The data table provided by SciDaSynth includes specific dimensions related to the user’s question, such as “Model,” “Task,” and “Accuracy,” along with corresponding values extracted from the literature. To guide users’ attention to areas needing validation, the system highlights missing values (“Empty” cells) and records with low relevance scores (DGs 3.1, 3.2). To validate and refine data records, users can view the relevant contexts used by the LLM, with important text spans highlighted (Figure 2 – middle). They can also access the original PDF.
User interface of SciDaSynth. The interfaces features: (A) A query panel for users to input natural language questions or select specific data attributes; (B) A data table displaying extracted information with highlighting of potentially problematic records; (C) Context menu options to validate data by examining relevant document snippets; (D) PDF viewer for accessing original sources; (E) Data standardization panel with multi-level and multi-faceted data summarization and standardization support.

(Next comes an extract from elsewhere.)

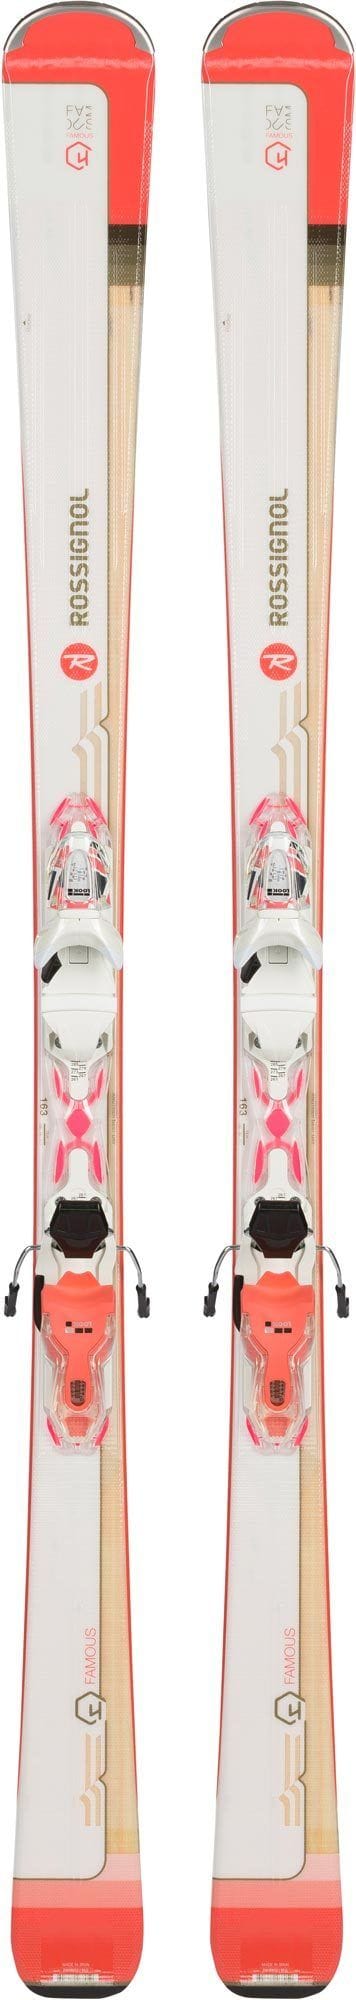 Горные лыжи Rossignol Famous 4 W с креплениями от магазина Супер Спорт

To handle data inconsistencies across papers, the system provides a multi-level and multi-faceted data standardization interface (DG2). First, users can gain an overview of data attributes and their consistency information (Figure 2 – right). Upon selecting specific attributes, the system performs semantic grouping of attribute values to help users identify contextual patterns and distributions of potential inconsistencies (e.g., full form vs. abbreviation). Next, based on the grouped attribute values and their visual summary, users can create, modify, rename, or merge the groups, effectively categorizing the data. Once satisfied with their groupings, users can apply standardization results to instantly update the main data table (DG3.3). Throughout this process, the system provides real-time updates to charts and statistics to show the impact of standardization efforts.
Once satisfied with the data quality, users can add the table to the database, where it is automatically merged with existing data. This process can be repeated with new queries to incrementally build a comprehensive database (Figure 2 – middle). Finally, users can export the entire database in CSV format for further analysis or reporting.
4.2 Data Extraction and Structuring
We leverage LLMs3 to extract and structure data from scientific literature based on user questions (DG1). To mitigate hallucination issues and facilitate user validation of LLM-generated answers, we adopt the RAG framework by grounding LLMs in relevant information from the papers (as shown in Figure 1).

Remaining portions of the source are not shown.